Es ist schwer zu sehen, wie sie sich dahinschleppt, beim Gehen ständig schwankt und kaum mehr schafft, auf ihre Lieblings-Fensterbank herauf zu springen. Unglücklich erschien sie in den letzten Wochen nicht - obwohl sie immer weniger fraß. Seit gestern ist jedoch klar, dass gerade die letzten Sandkörner durch ihre Lebensuhr rinnen, denn seitdem hat sie ihren Wassernapf kaum mehr angerührt.

Es bricht einem das Herz. Und trotzdem weiß man, dass die Katze spätestens in 12 Stunden Höllenqualen erleiden wird, die das langsame Austrocknen des Körpers mit sich führt.

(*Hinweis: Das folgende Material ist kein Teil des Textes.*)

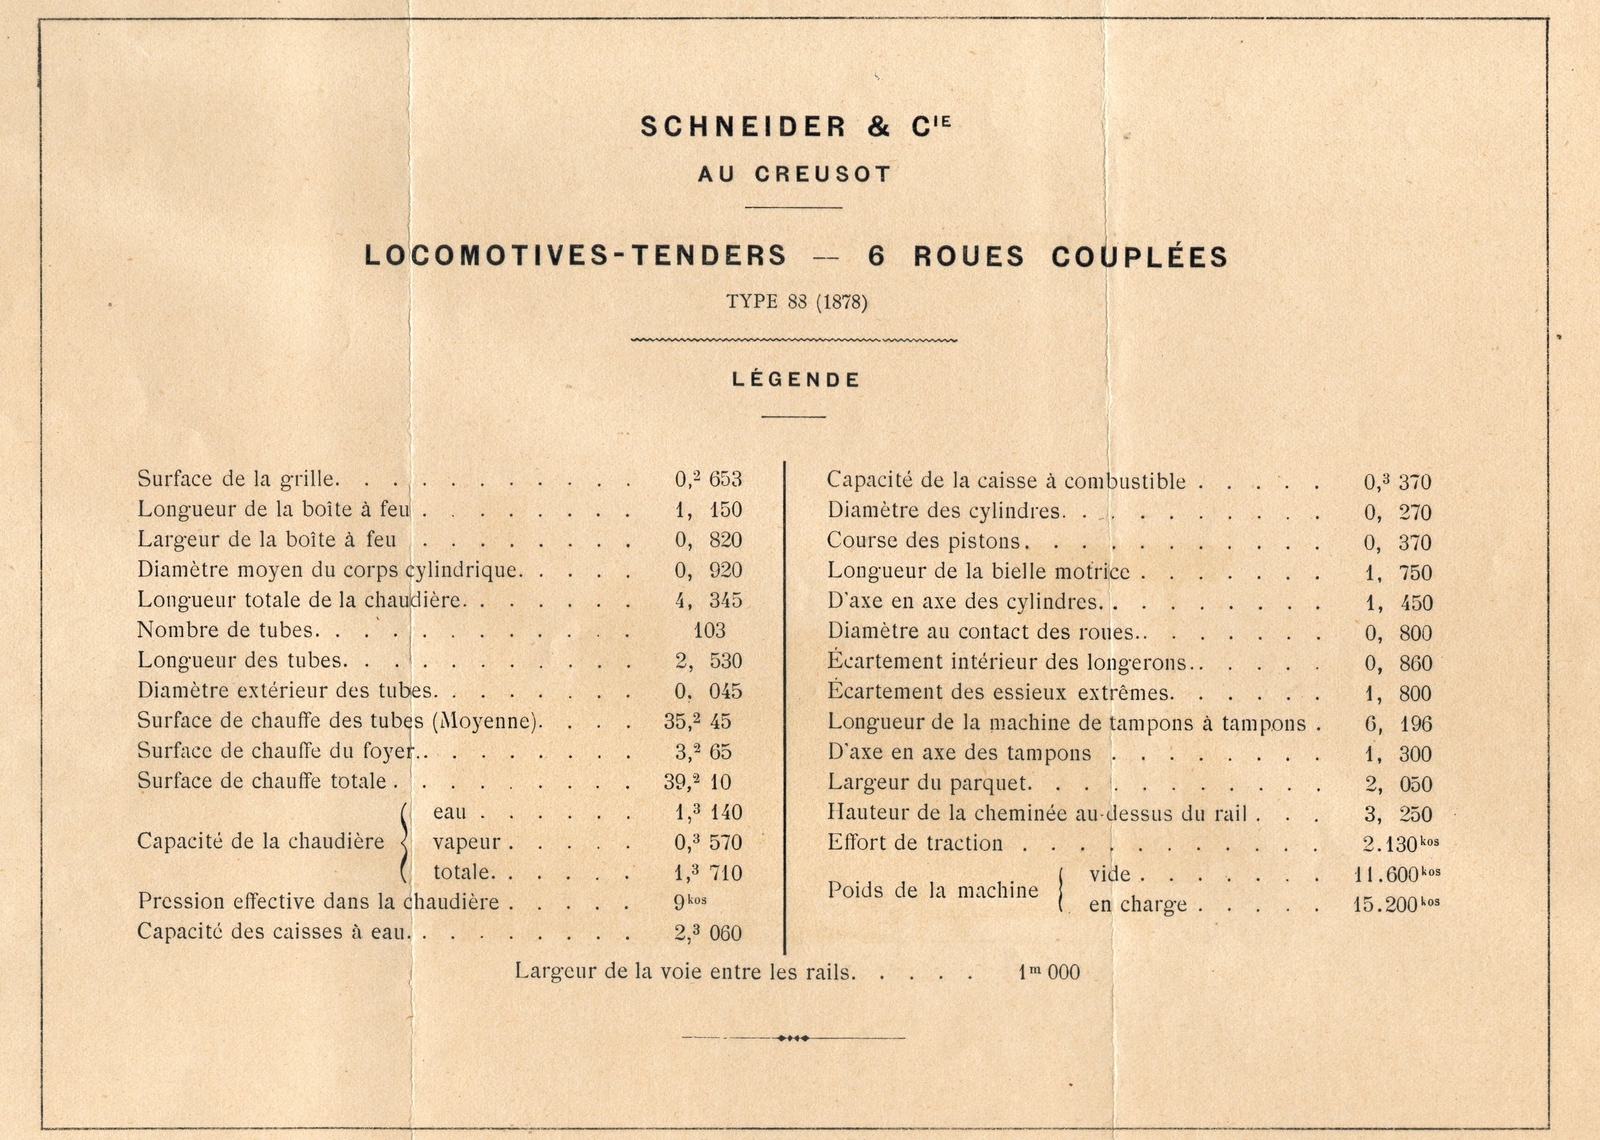 Caractéristiques de la locomotive de type 88 (1878) de Schneider & Cie.

Die Entscheidung steht an: Will man das Tier sterben lassen oder die Euthanasie (Einschläfern) einleiten lassen, die die letzten Leiden nimmt?

Jeder Fall ist anders


Im Falle der oben beschriebenen Katze (ihr Name was Sheila und sie wurde 21 Jahre alt), ist die Entscheidung klar. Ihr Ende ist abzusehen und vor ihr liegt nichts als Leid, das sich noch gut 2-3 Tage hinschleppen kann. Der Termin beim Tierarzt ist also unvermeidlich.

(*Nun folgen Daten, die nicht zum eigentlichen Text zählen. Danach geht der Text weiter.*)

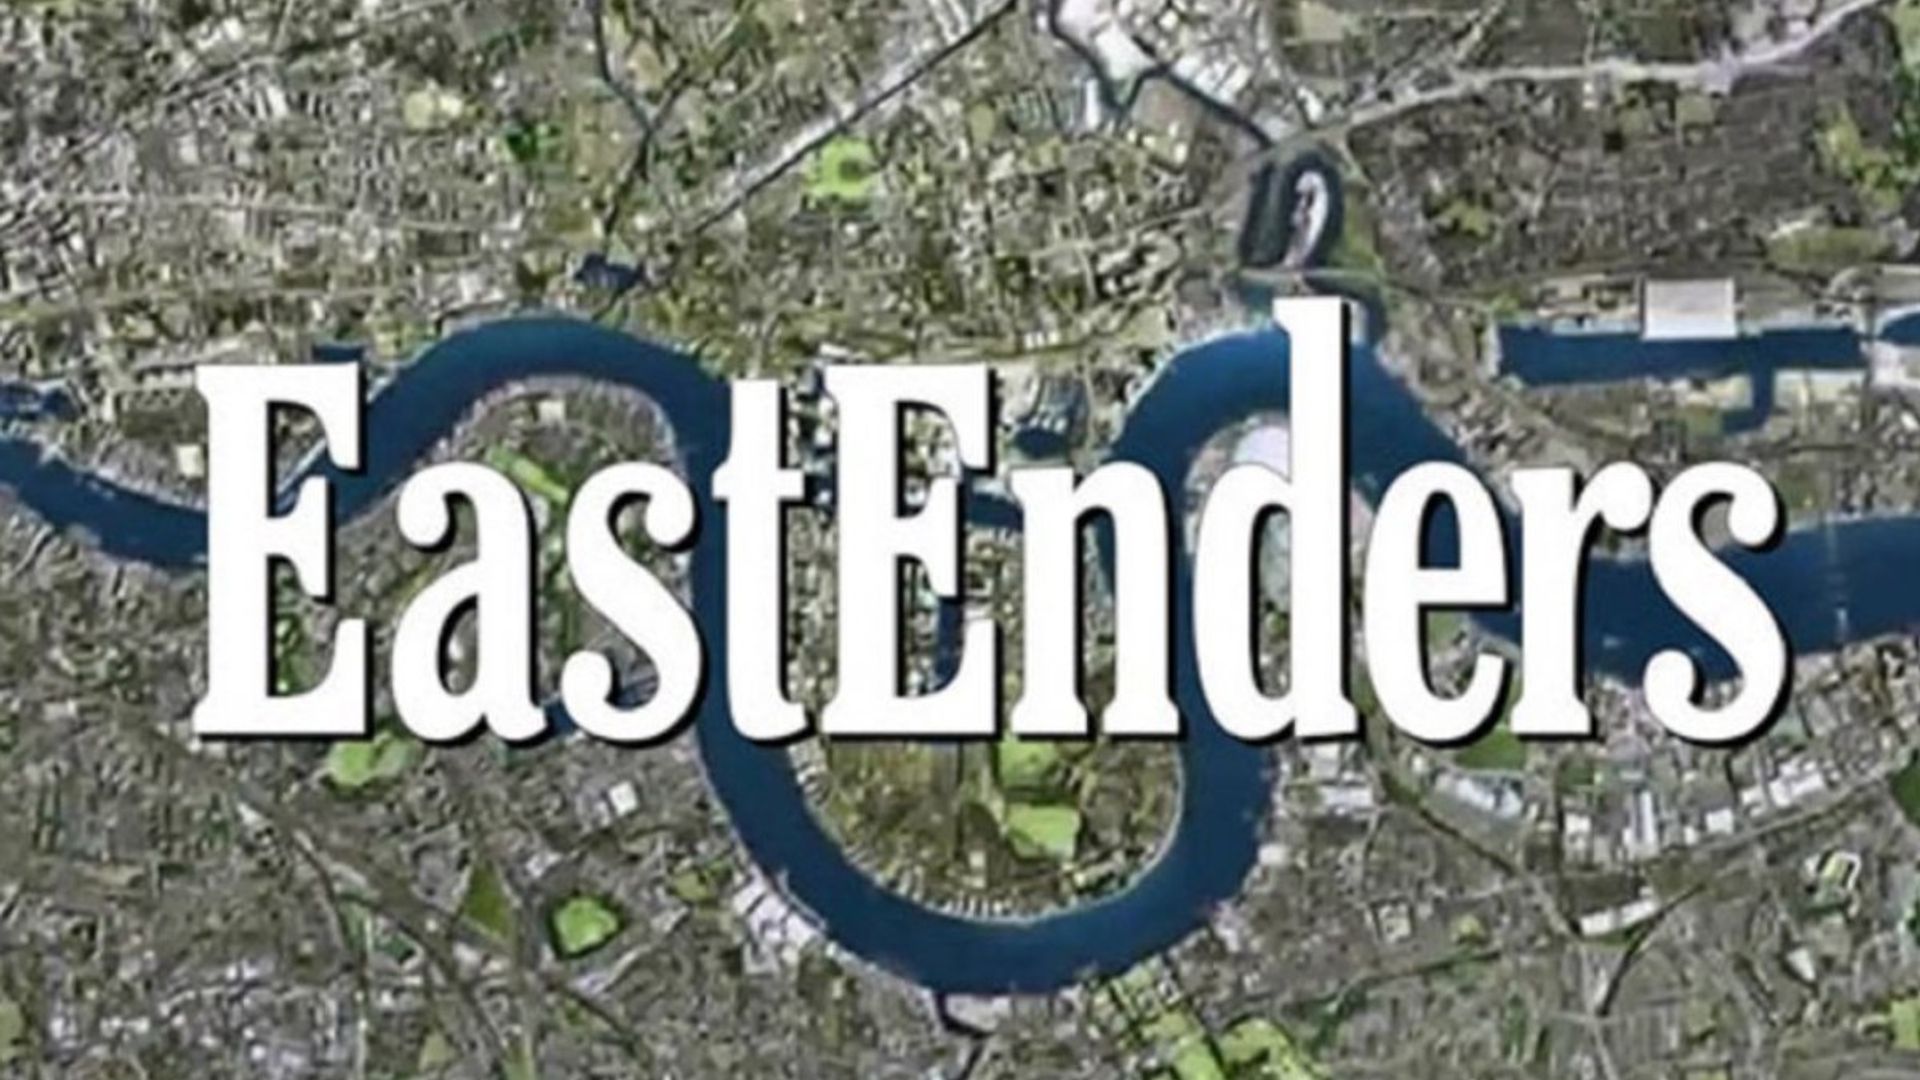 eastenders logo

In anderen Fällen jedoch, sieht es anders aus. Was ist mit Katzen, die erblinden oder inkontinent werden? Was ist mit krebskranken Katzen und solchen, die CNI haben?

In jedem Fall muss der Halter selbst entscheiden - denn er kennt seine Katze am besten - welcher Weg gewählt wird.

Hat die Katze also keine akuten Schmerzen, wie es bei manchen Krebsleiden ist, oder wird sie sich an die Umstände gewöhnen, wie es viele erblindende Katzen tun, besteht kein Grund, die Katze "erlösen" zu wollen.

Tiere jedoch, die es vom Charakter her zu sehr schaffen würde, mit den neuen Umständen umzugehen zu lernen, sind anders. Sie quält es eventuell zu sehr, beispielsweise nie wieder heraus zu können und haben dann demzufolge keine nennenswerte Lebensqualität mehr. Euthanasie kann in Fällen wie diesen sehr wohl eine Erlösung von einem unglücklichen Leben sein.

Bitte führe dir zu Gemüte, dass deine Katze ein Tier ist - also kein kleiner Mensch. Sätze wie "Sie will doch noch nicht sterben" sind nicht angebracht, wenn man sieht, wie sehr die Katze mit sich kämpft. Ebenso unangebracht, wie der Katze die Spritze zu verpassen, bloß weil sie inkontinent geworden ist und eventuell mehr Arbeit bedeutet.

Der Ablauf des Einschläferns


Rufe bei deinem Tierarzt an und vereinbare mit ihm einen Haustermin. Der Großteil der Tierärzte bietet einen solchen Service - manchmal jedoch für einen kleinen Aufschlag. Die oft negativ empfundene klinisch reine Praxis ist nicht der beste Ort für die letzten Minuten einer Mieze.

Kann der Tierarzt nicht zu dir nach Hause kommen, versuche einen Termin außerhalb der Sprechstunde zu bekommen, sodass du und deine Katze ungestört seid.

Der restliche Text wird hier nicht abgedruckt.